PROBLEM DETAILS: Images excepted, the data below must be repeated exactly.

DATA SECTION:
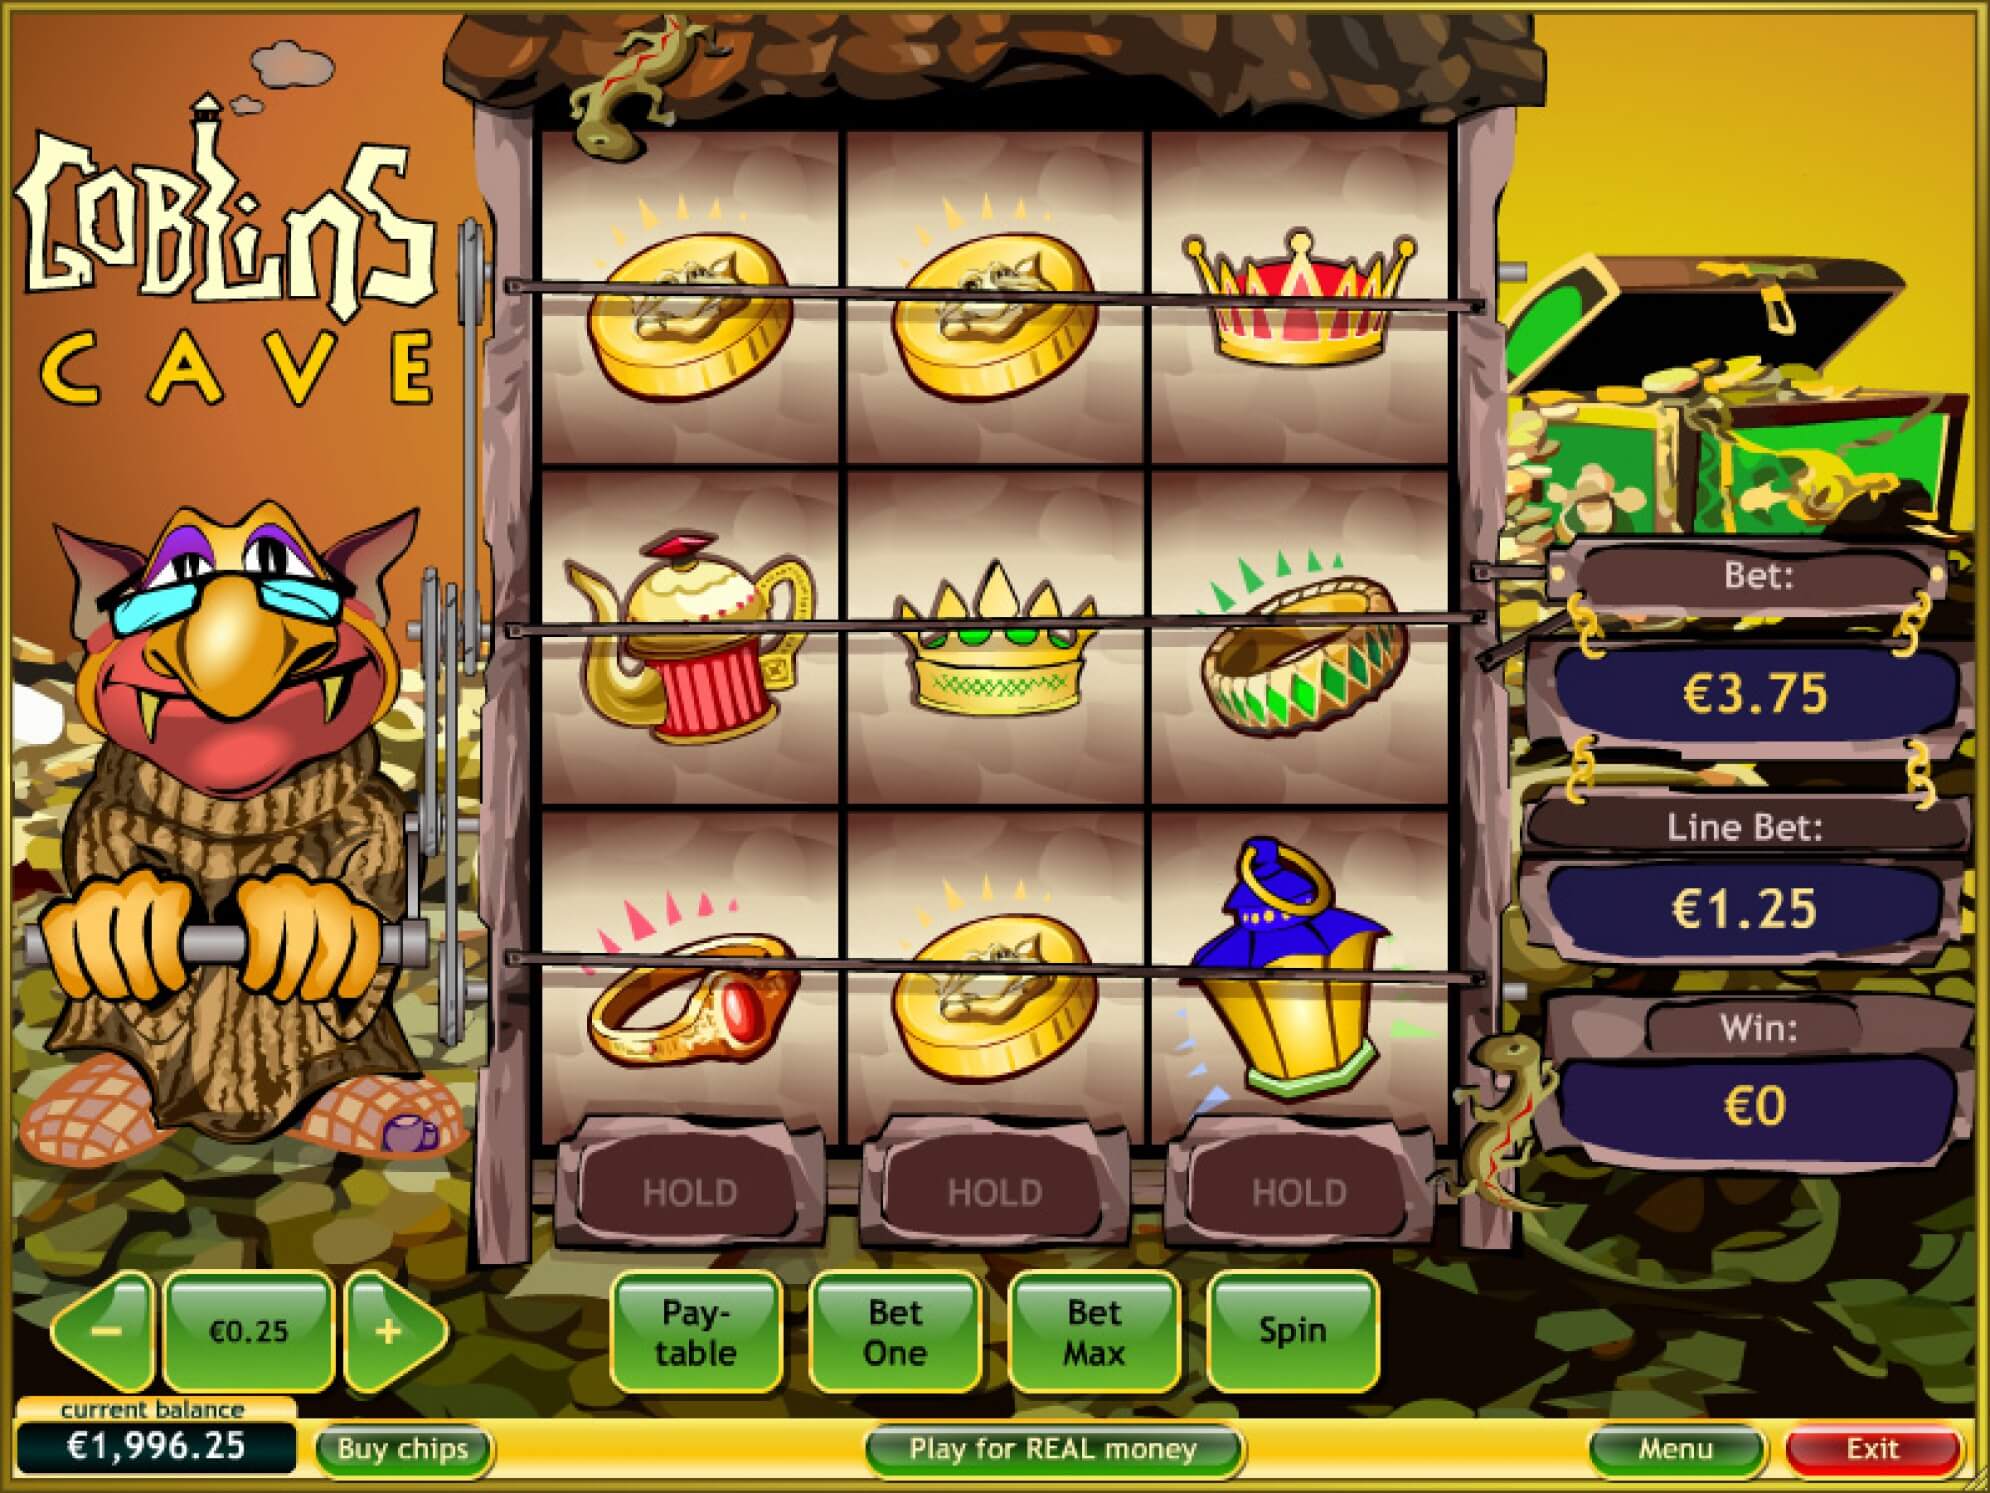 Слоты «Goblin’s Cave» — в казино Вулкан играть онлайн
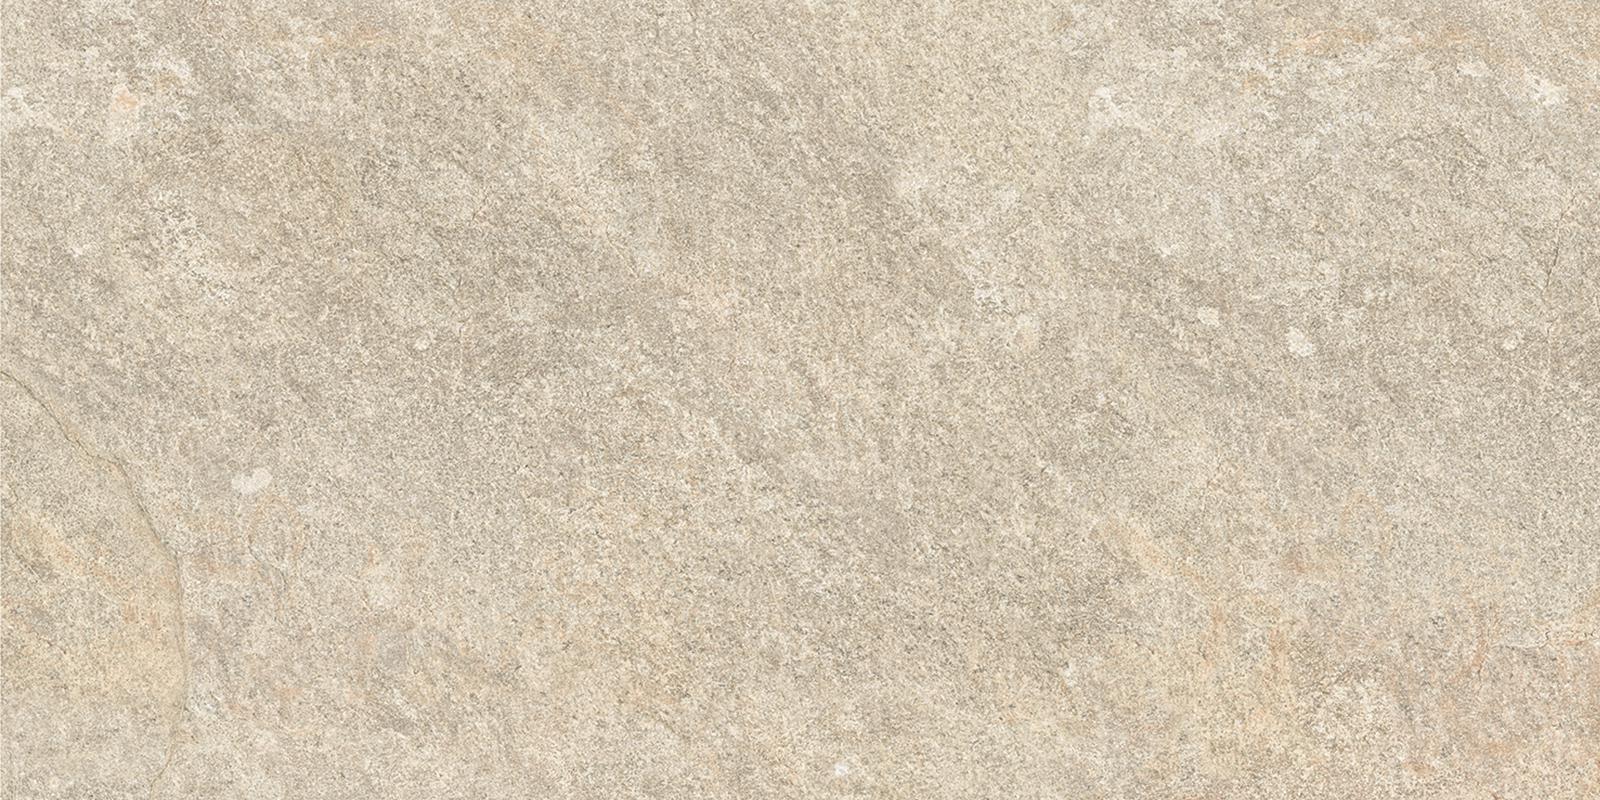 Ergon Oros Stone Sand 30x60
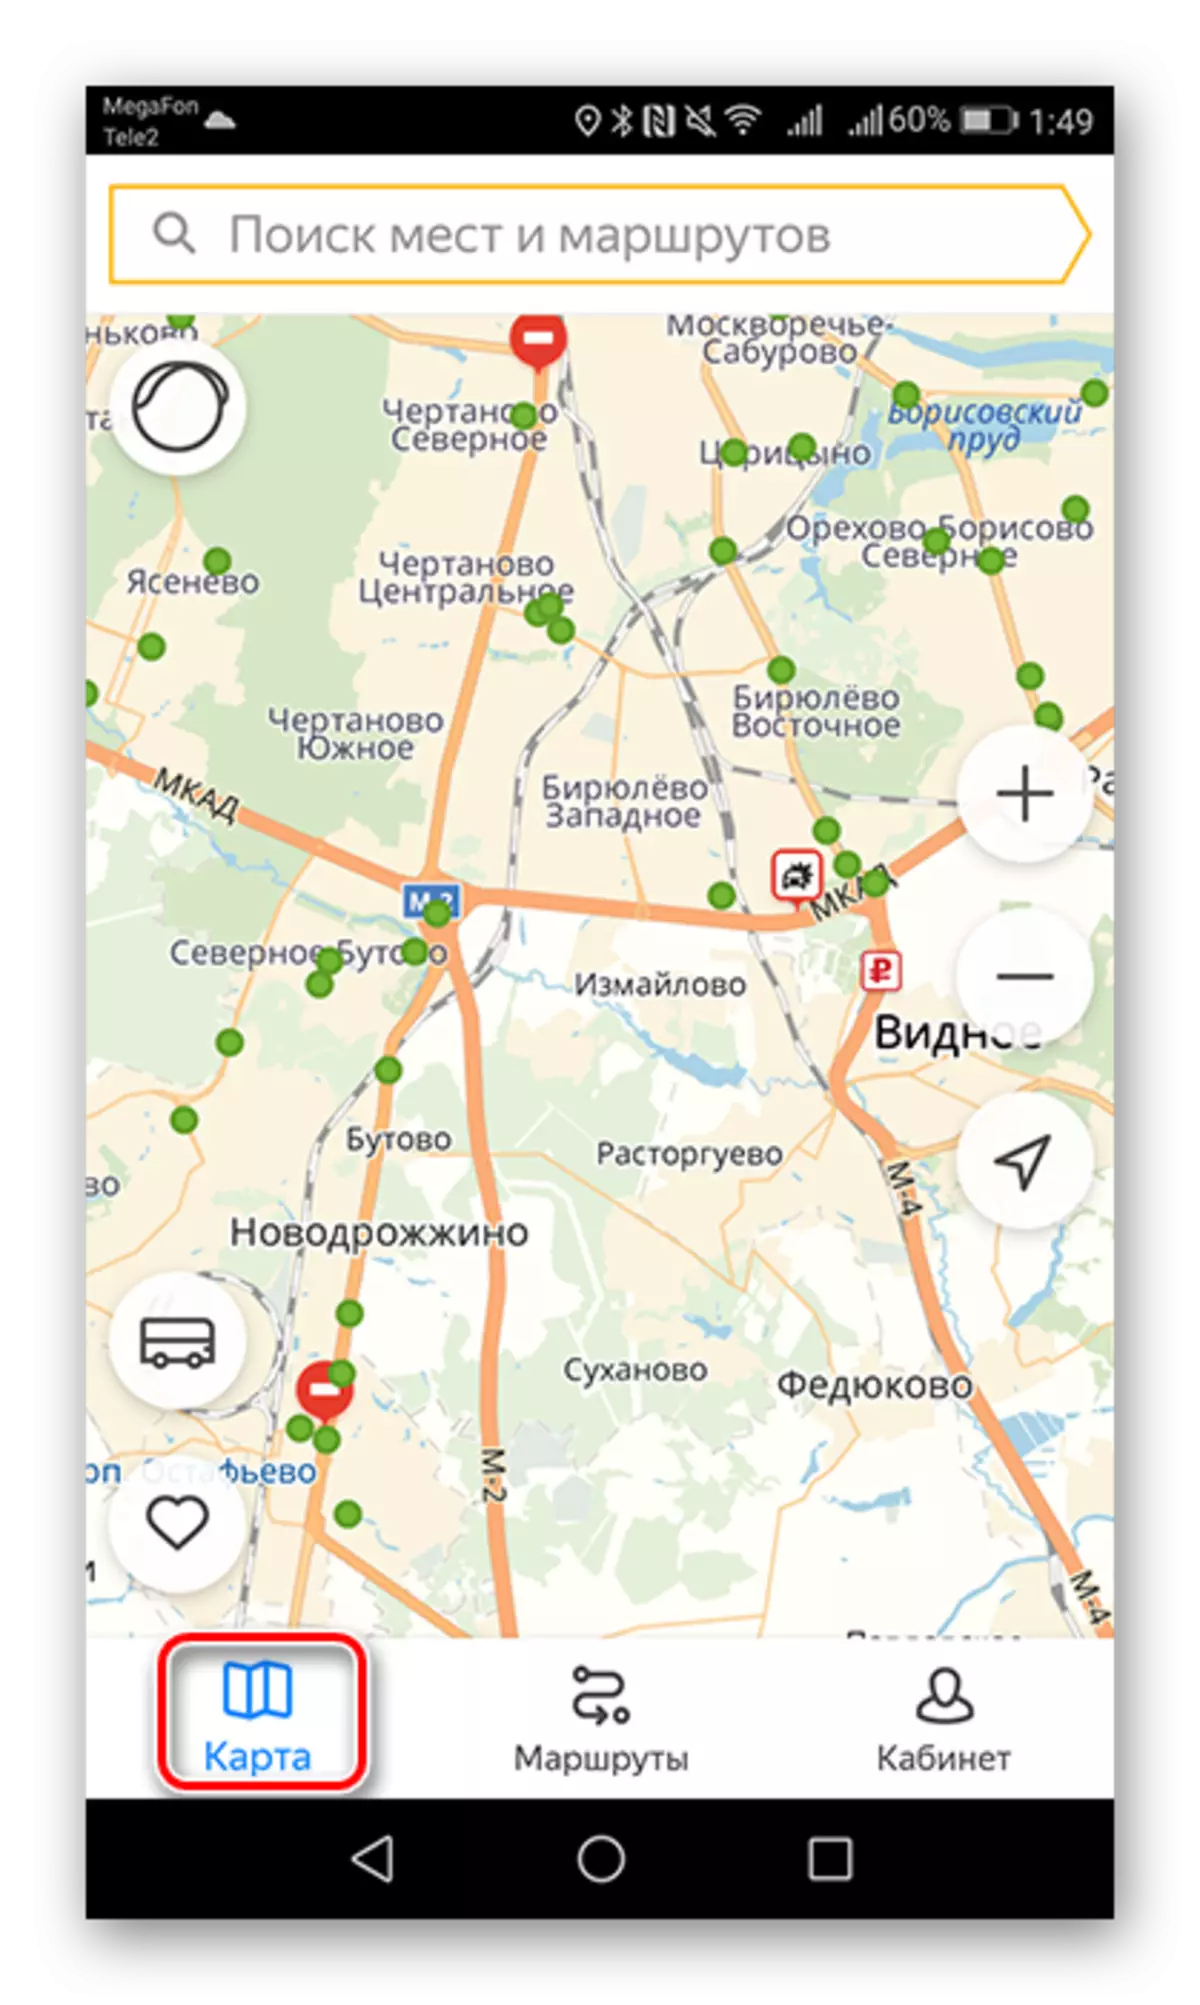 Vajutades kaardil nuppu Yandex.Transport
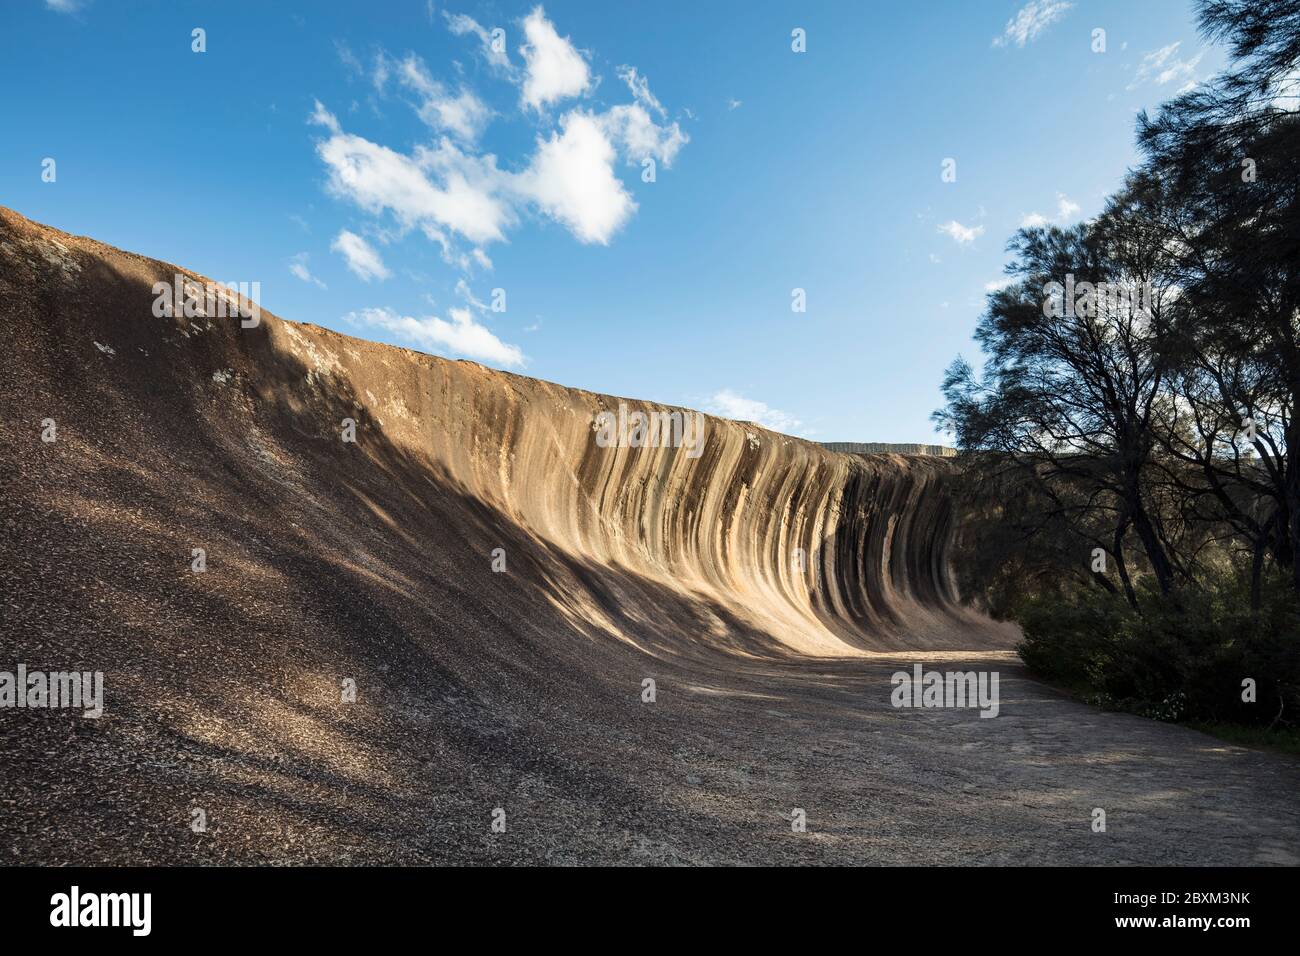 Wave Rock, eine 15 Meter hohe natürliche Felsformation, die wie eine hohe brechende Meereswelle geformt ist und sich in Hyden in Westaustralien befindet Stockfoto

TASK OUTPUT:
 Слоты «Goblin’s Cave» — в казино Вулкан играть онлайн
 Ergon Oros Stone Sand 30x60
 Vajutades kaardil nuppu Yandex.Transport
 Wave Rock, eine 15 Meter hohe natürliche Felsformation, die wie eine hohe brechende Meereswelle geformt ist und sich in Hyden in Westaustralien befindet Stockfoto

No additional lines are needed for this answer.